MATERIALS PROVIDED —
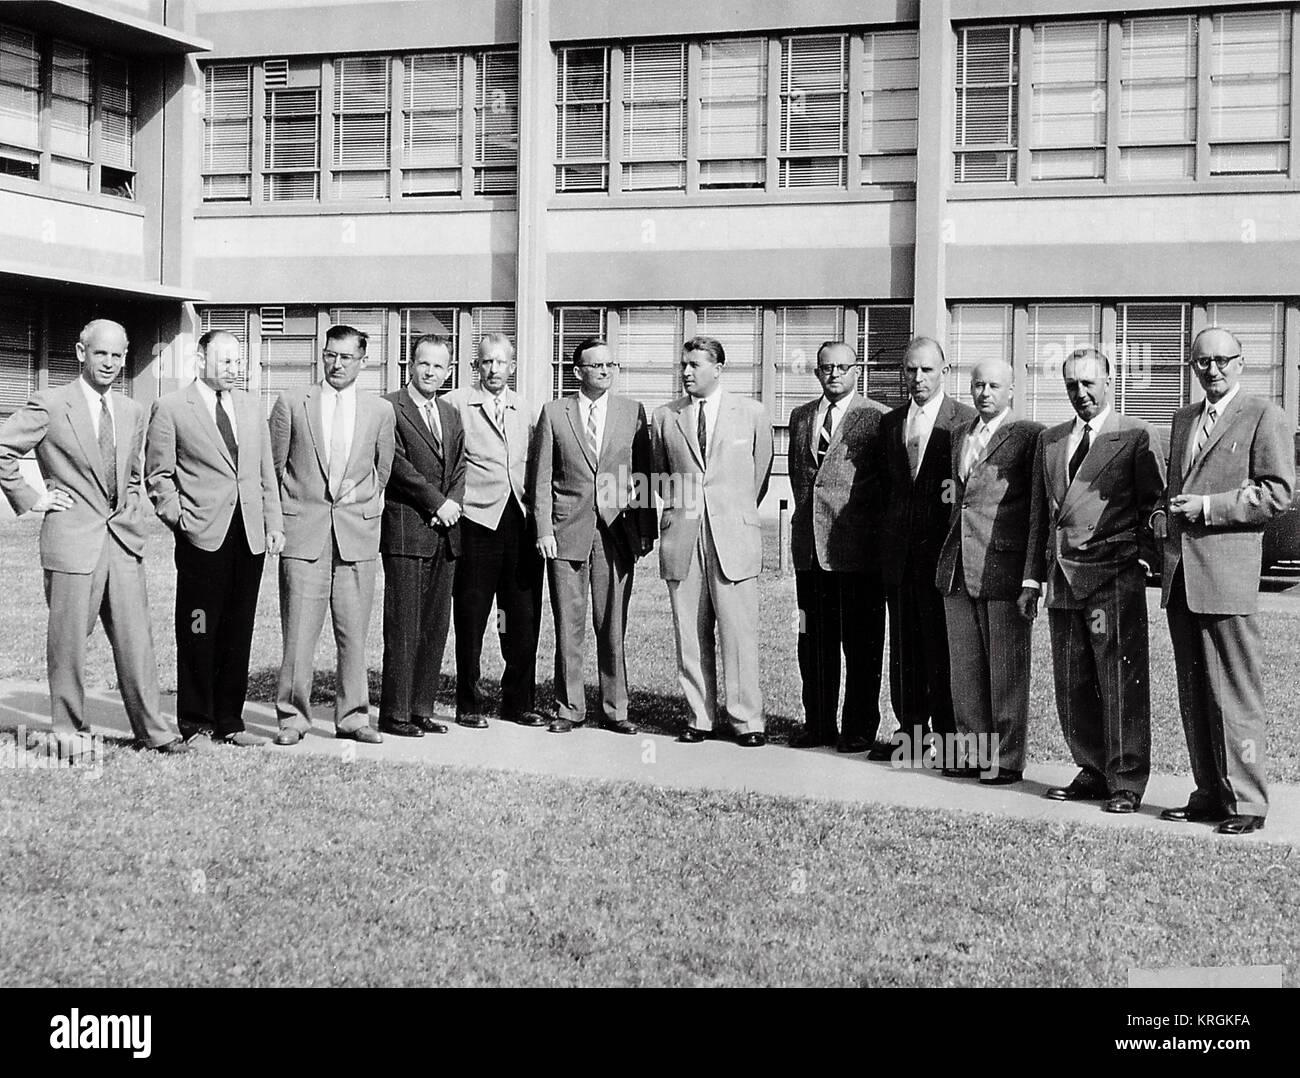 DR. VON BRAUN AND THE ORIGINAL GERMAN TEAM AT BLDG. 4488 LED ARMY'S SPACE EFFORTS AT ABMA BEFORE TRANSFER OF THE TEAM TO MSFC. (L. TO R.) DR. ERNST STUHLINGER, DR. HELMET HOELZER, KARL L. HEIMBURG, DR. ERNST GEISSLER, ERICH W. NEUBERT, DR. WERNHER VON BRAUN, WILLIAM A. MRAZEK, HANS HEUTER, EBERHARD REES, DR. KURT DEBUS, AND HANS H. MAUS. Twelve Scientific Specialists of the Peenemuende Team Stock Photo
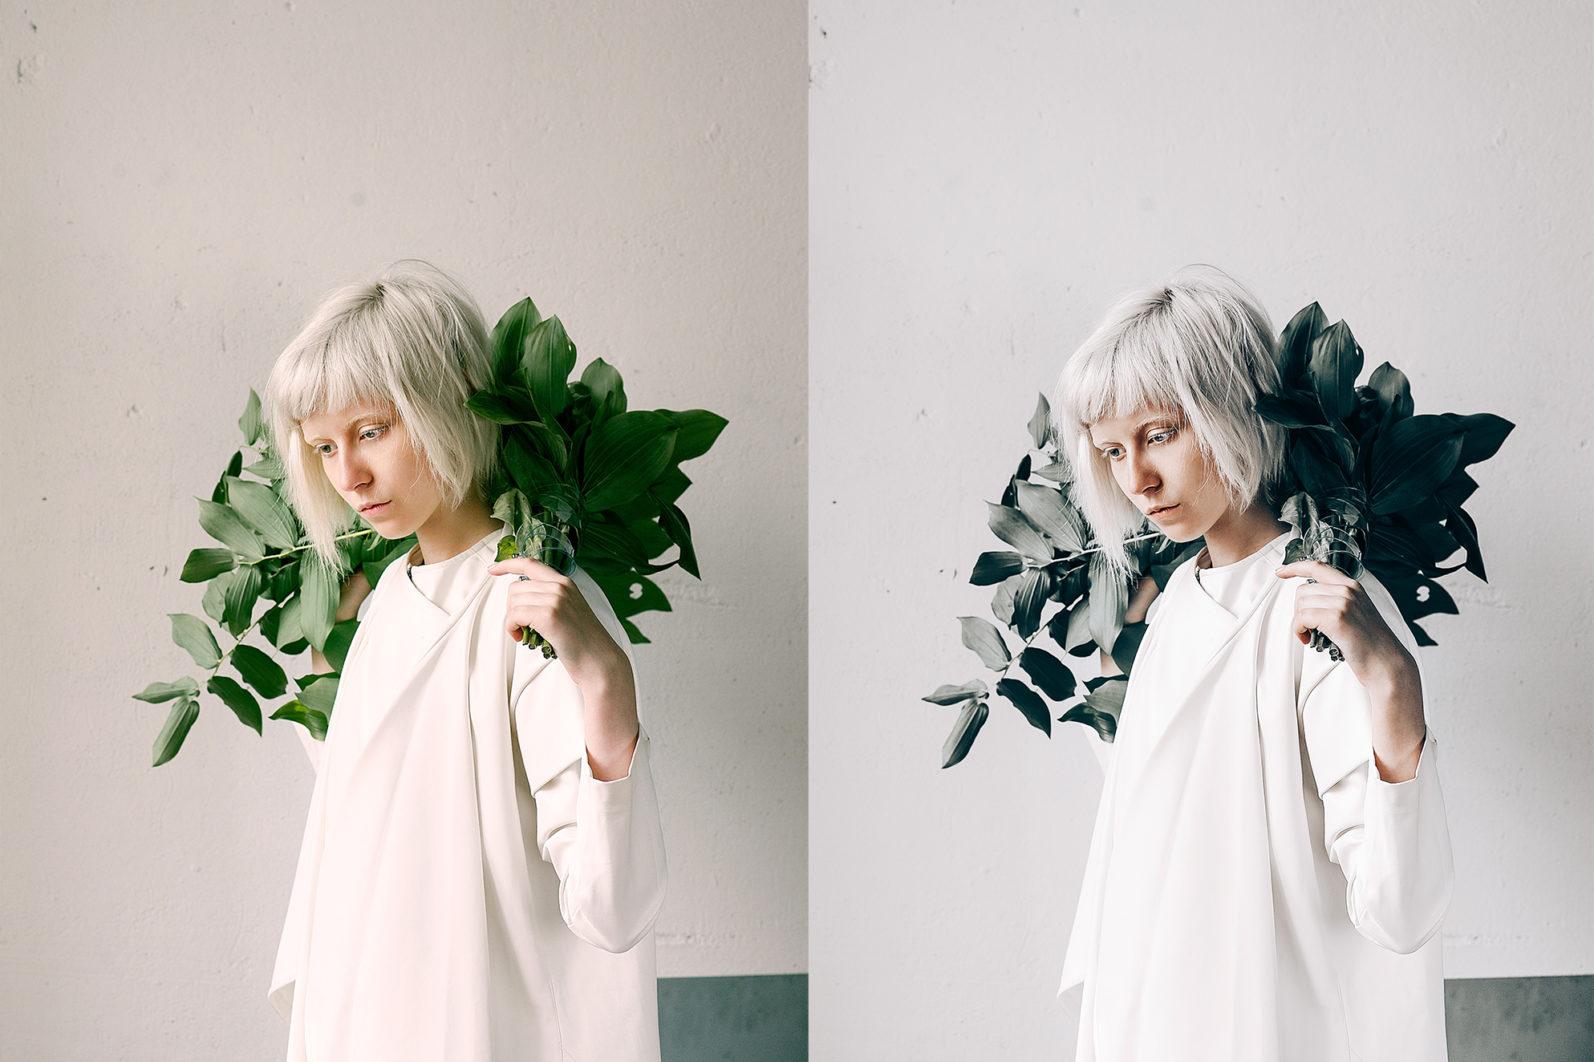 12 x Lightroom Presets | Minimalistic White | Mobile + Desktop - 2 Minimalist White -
==
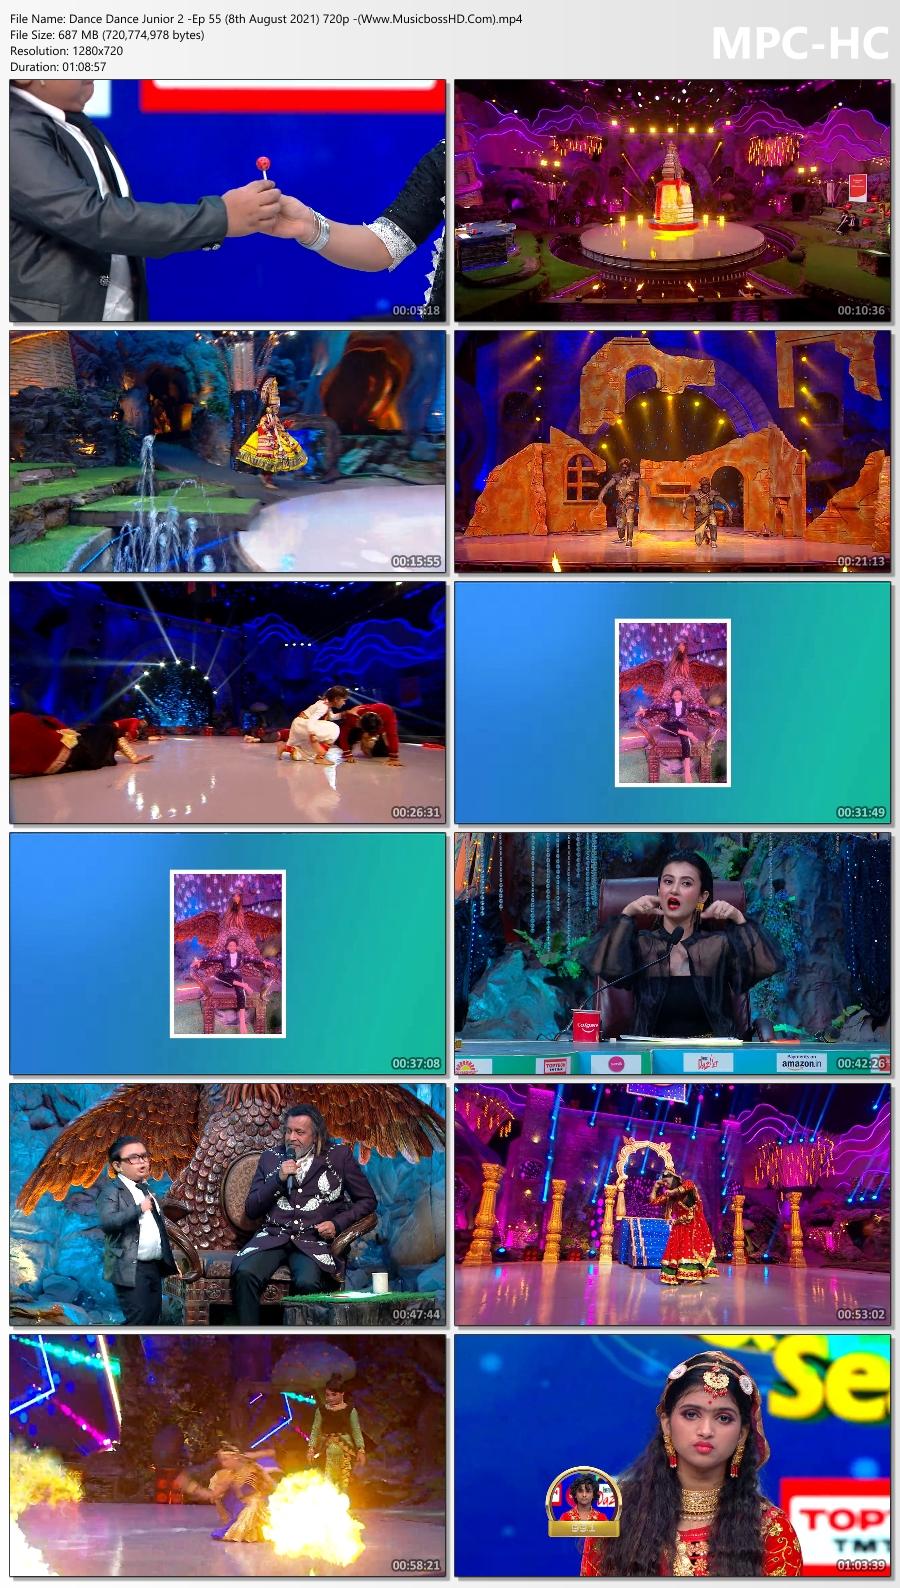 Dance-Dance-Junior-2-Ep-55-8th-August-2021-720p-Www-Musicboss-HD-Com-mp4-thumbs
--
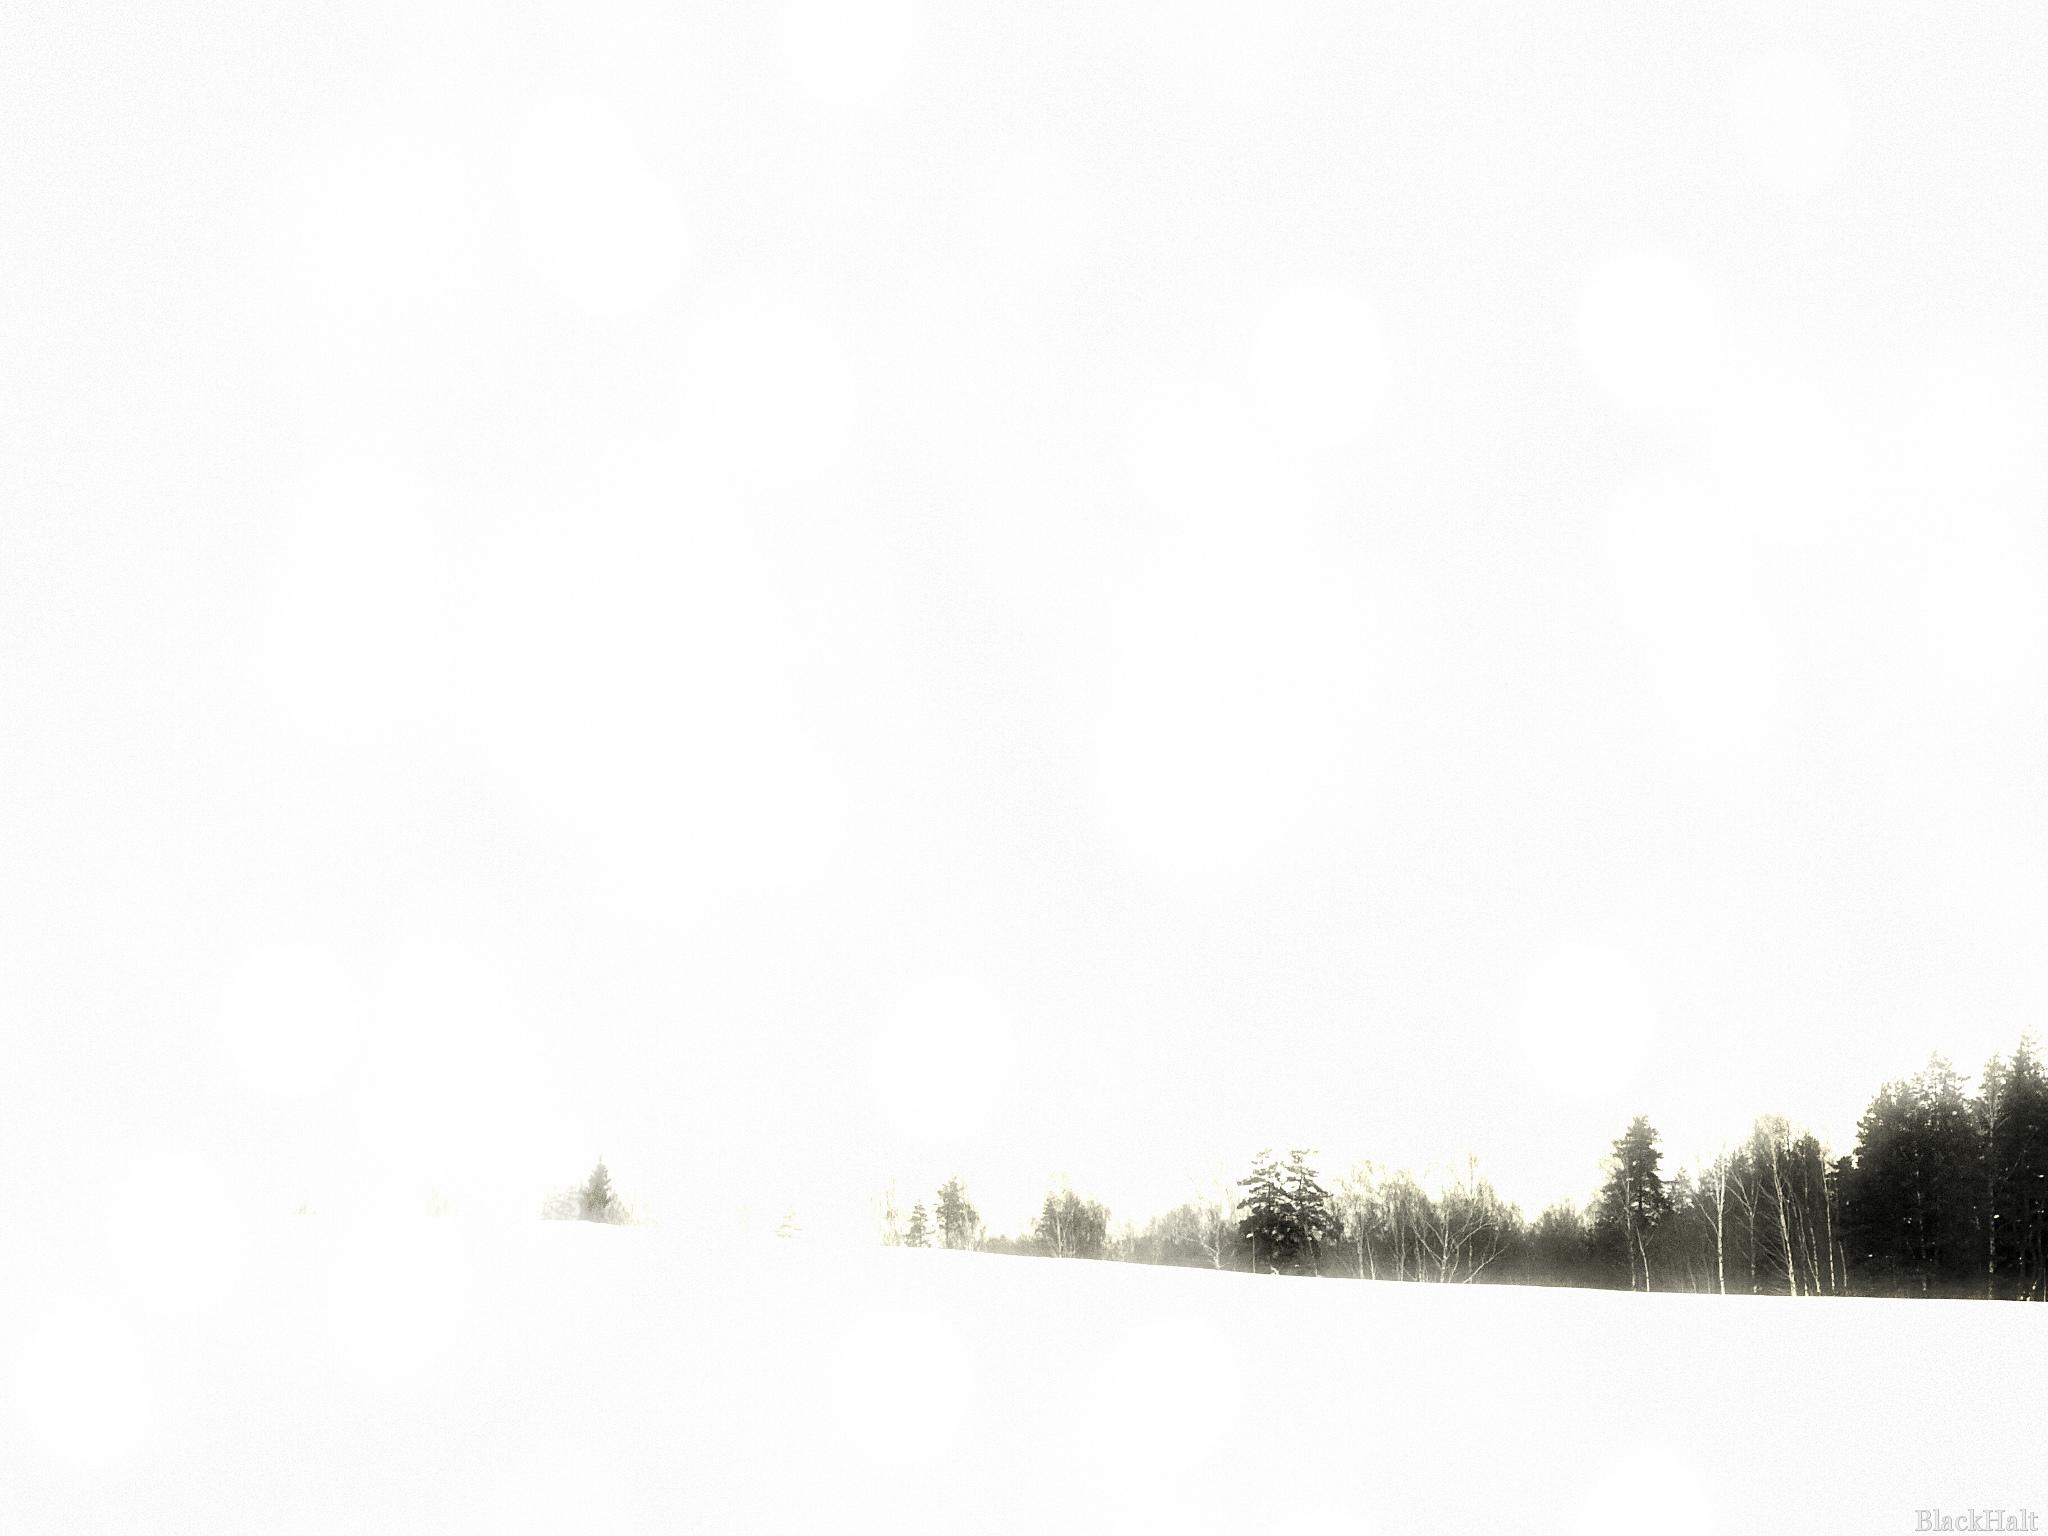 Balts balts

WHAT YOU SHOULD DO —
From the records above, transcribe exactly the lines starting at the one containing "DR. VON BRAUN" and ending at the one containing "12 x Lightroom". Skip the pictures.

ANSWER TO THIS TASK —
 DR. VON BRAUN AND THE ORIGINAL GERMAN TEAM AT BLDG. 4488 LED ARMY'S SPACE EFFORTS AT ABMA BEFORE TRANSFER OF THE TEAM TO MSFC. (L. TO R.) DR. ERNST STUHLINGER, DR. HELMET HOELZER, KARL L. HEIMBURG, DR. ERNST GEISSLER, ERICH W. NEUBERT, DR. WERNHER VON BRAUN, WILLIAM A. MRAZEK, HANS HEUTER, EBERHARD REES, DR. KURT DEBUS, AND HANS H. MAUS. Twelve Scientific Specialists of the Peenemuende Team Stock Photo
 12 x Lightroom Presets | Minimalistic White | Mobile + Desktop - 2 Minimalist White -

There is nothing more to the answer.